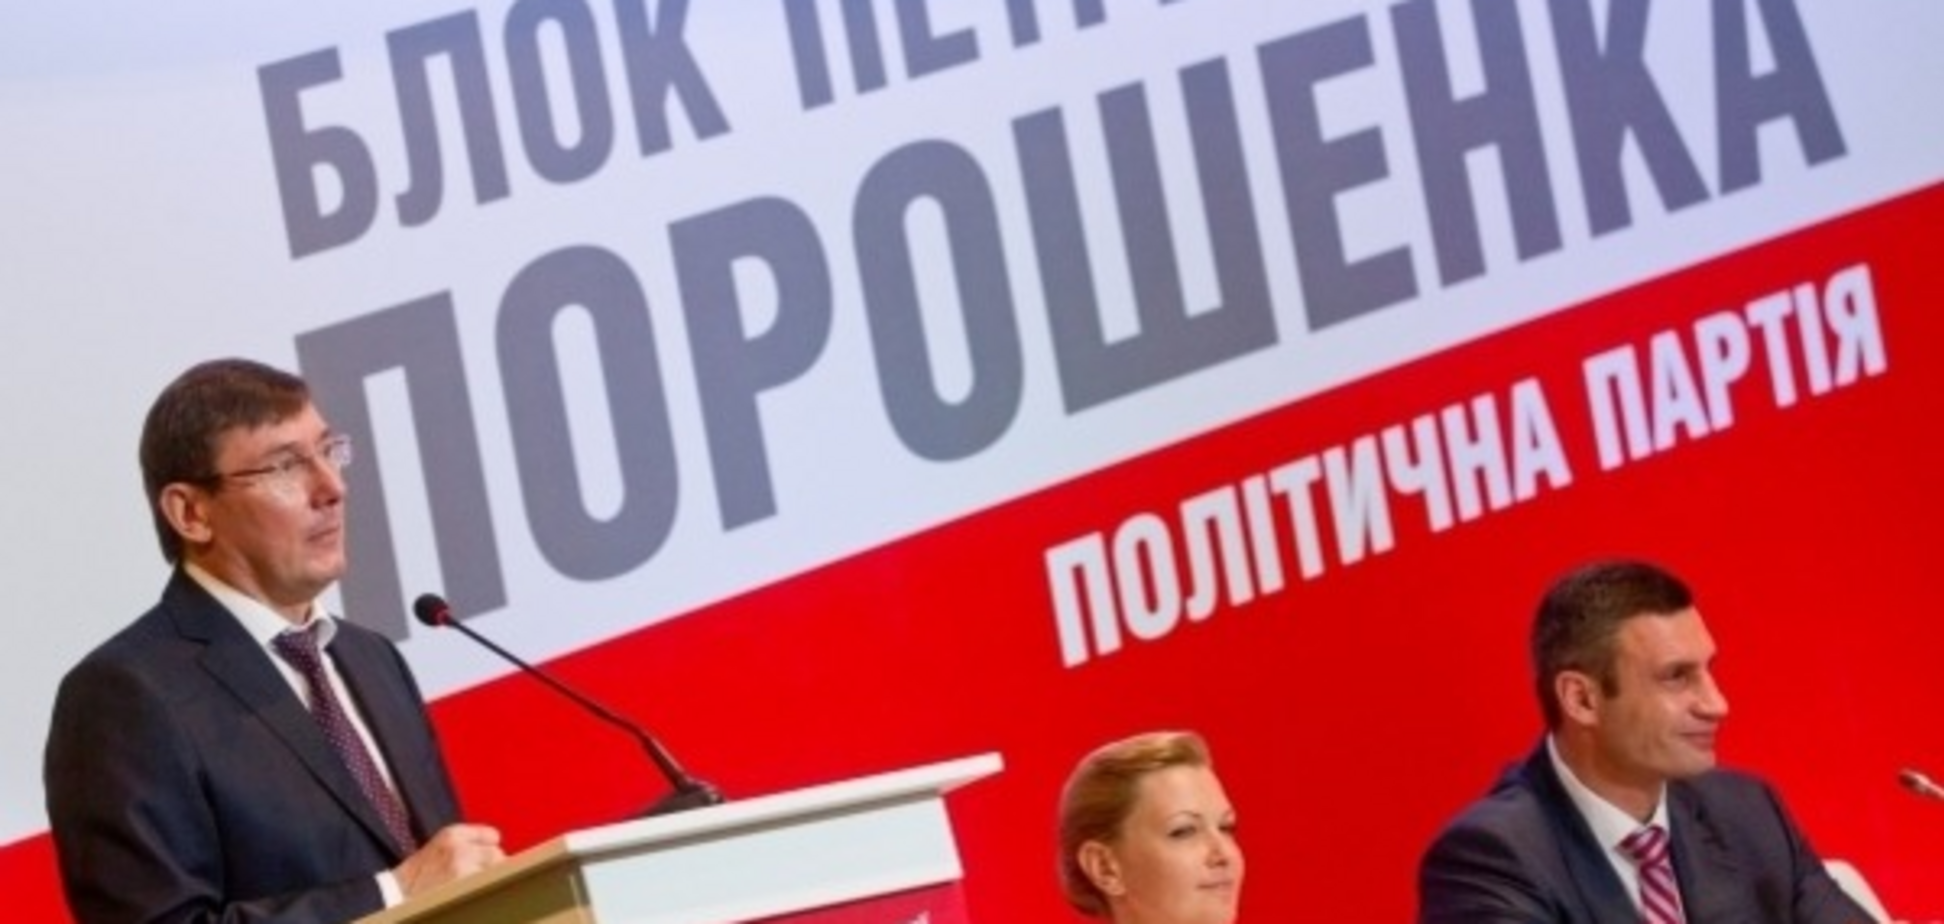 ЗМІ дізналися про 'мобілізацію' в 'Блоці Петра Порошенка'
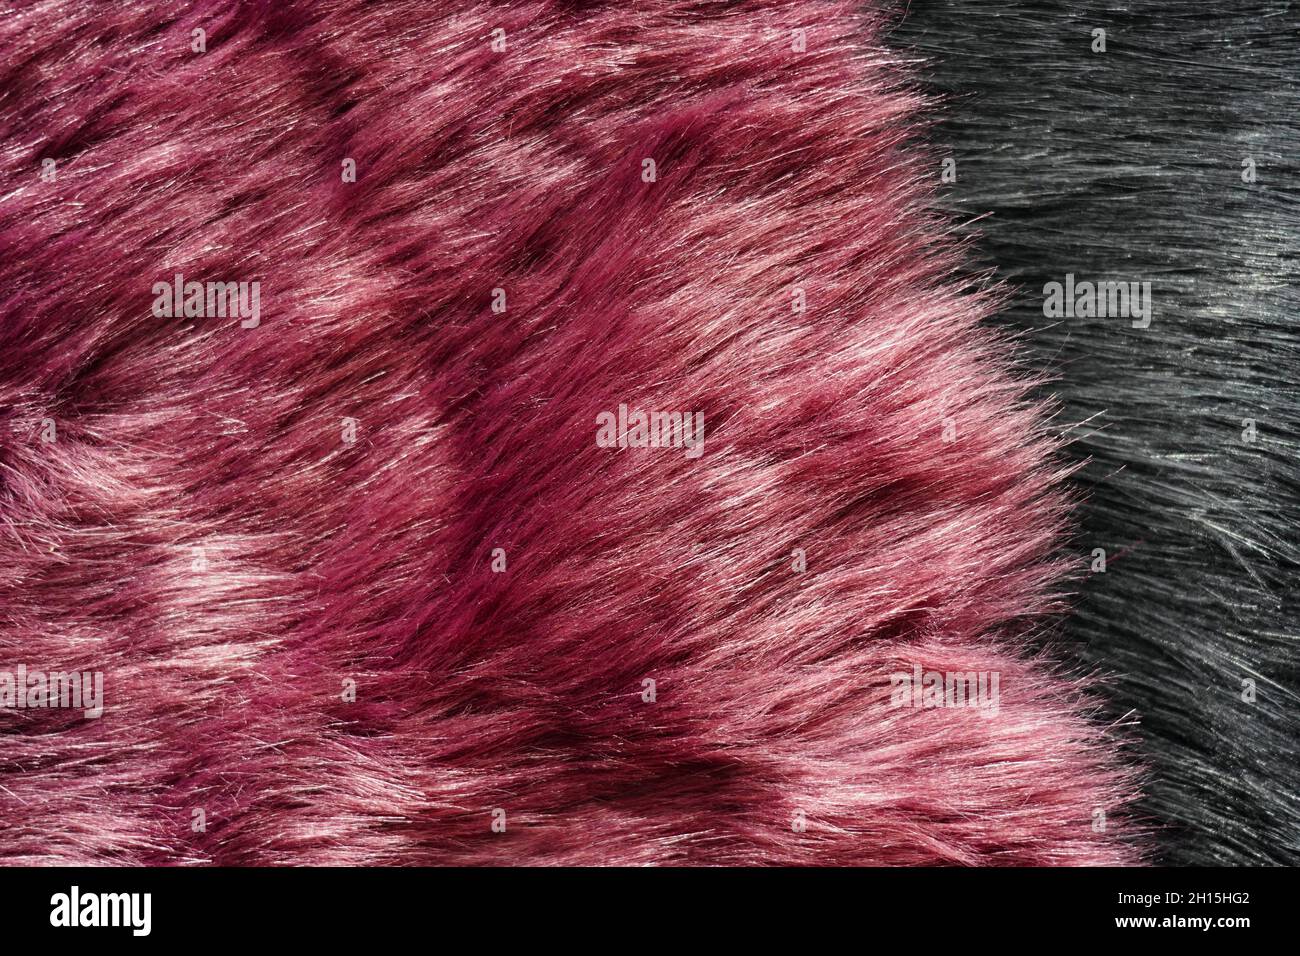 Sfondo rosa scuro finta immagini e fotografie stock ad alta risoluzione -  Alamy
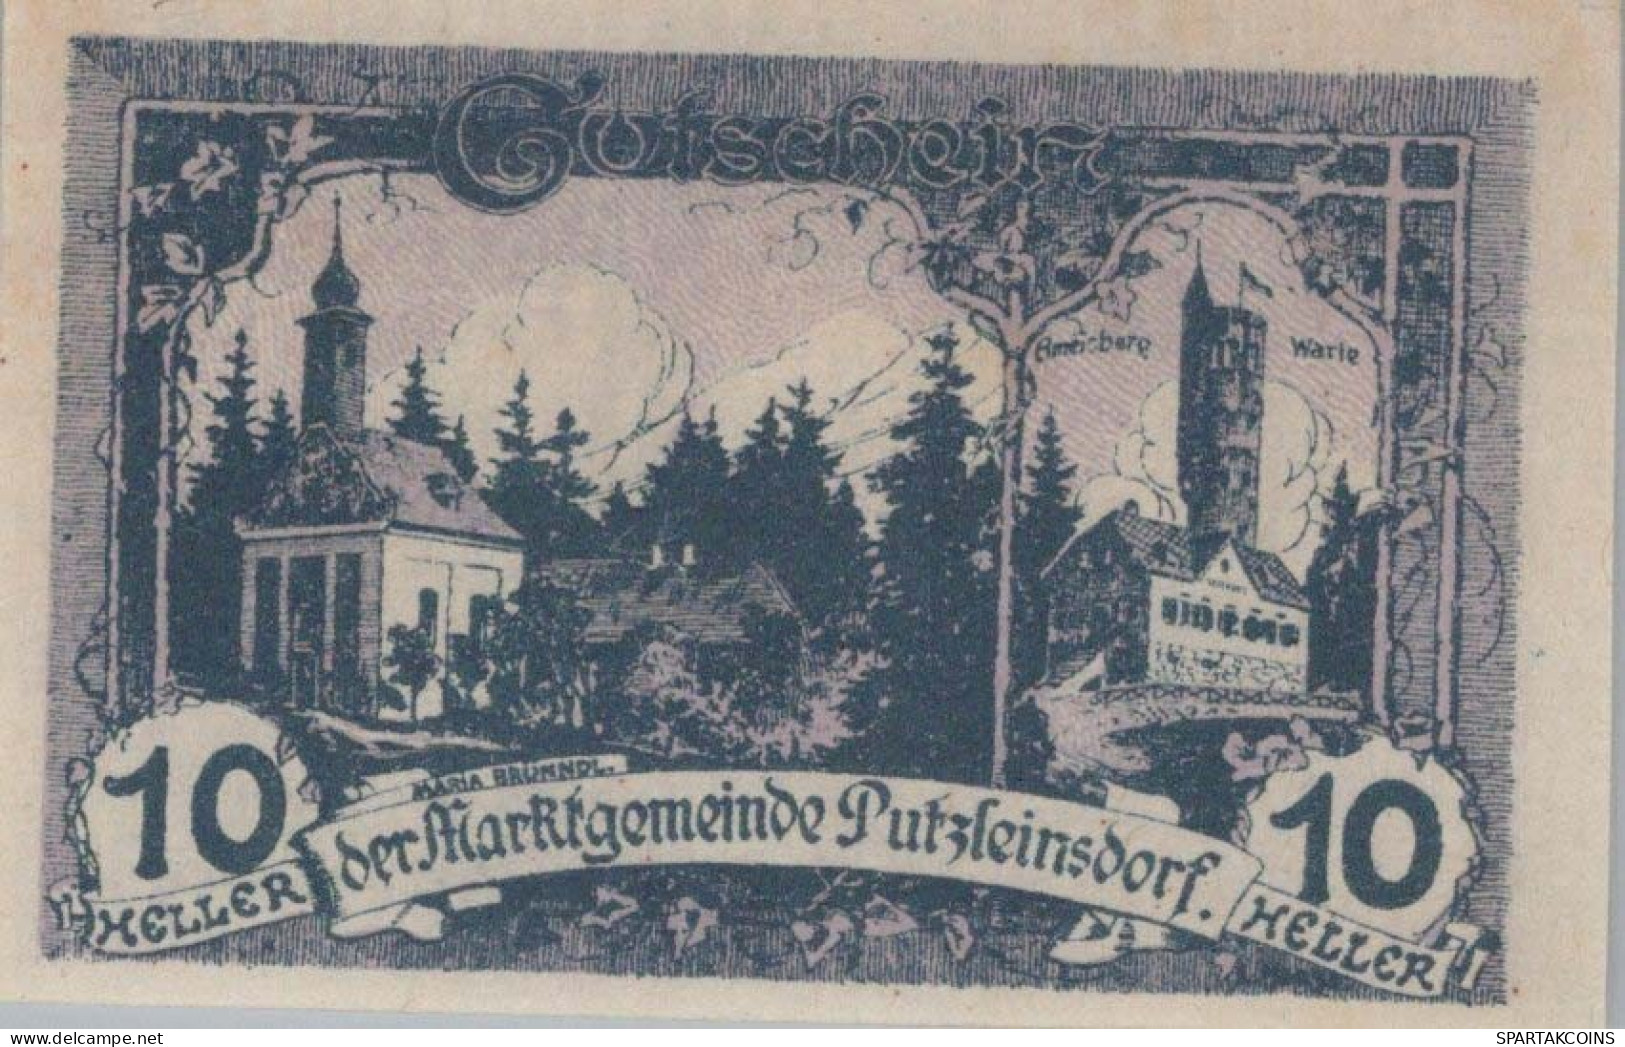 10 HELLER 1920 Stadt PUTZLEINSDORF Oberösterreich Österreich Notgeld Papiergeld Banknote #PG694 - [11] Emissioni Locali
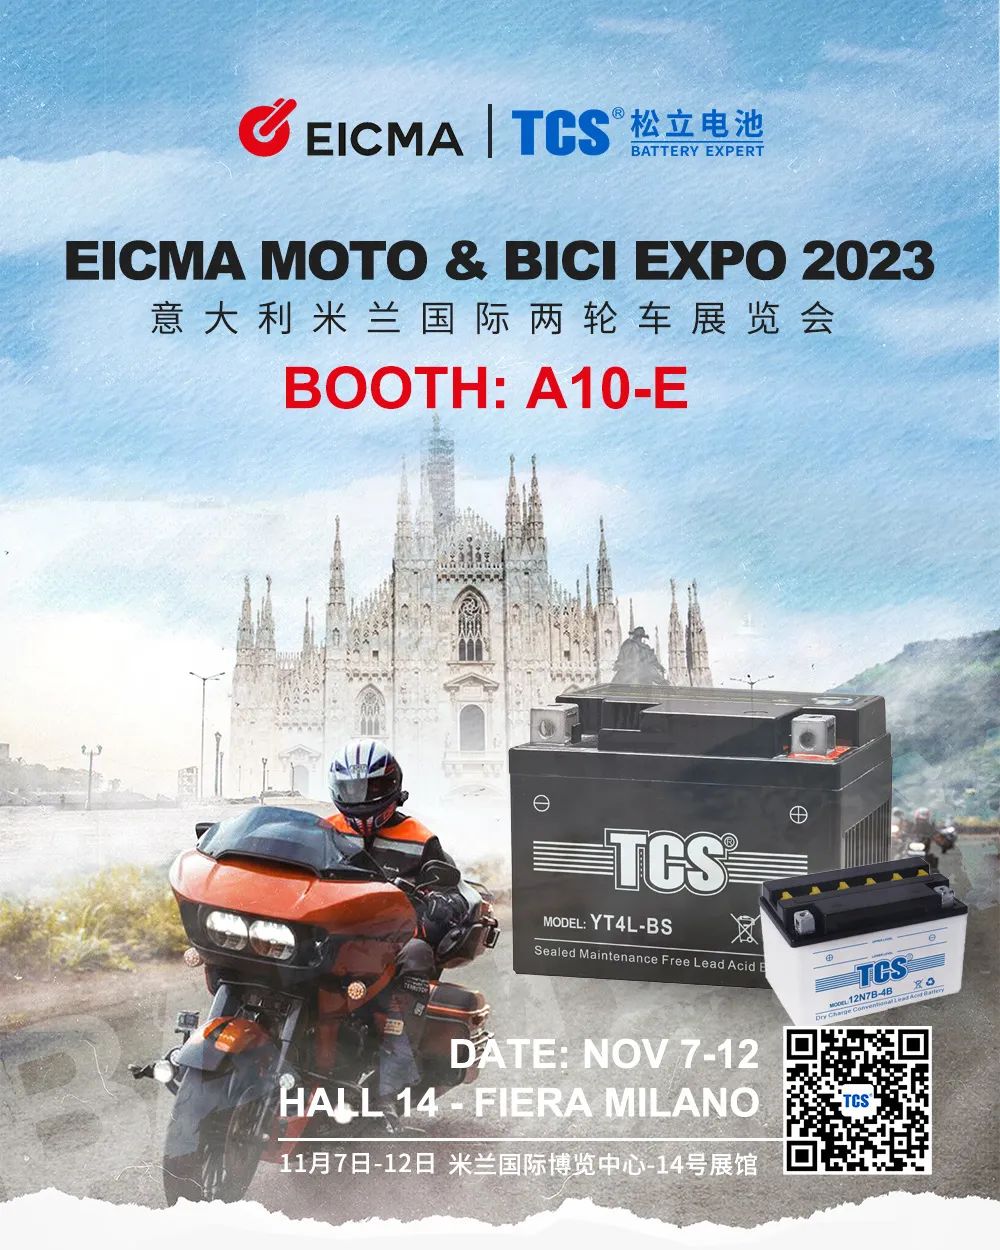 EICMA MOTO & BICI EXPO 2023
****************
**About this task**
Your task is to reproduce exactly the lines from the one that holds "10 HELLER 1920" to the last line of the listing, and only those, omitting the pictures.

**Task answer**
 10 HELLER 1920 Stadt PUTZLEINSDORF Oberösterreich Österreich Notgeld Papiergeld Banknote #PG694 - [11] Emissioni Locali
 EICMA MOTO & BICI EXPO 2023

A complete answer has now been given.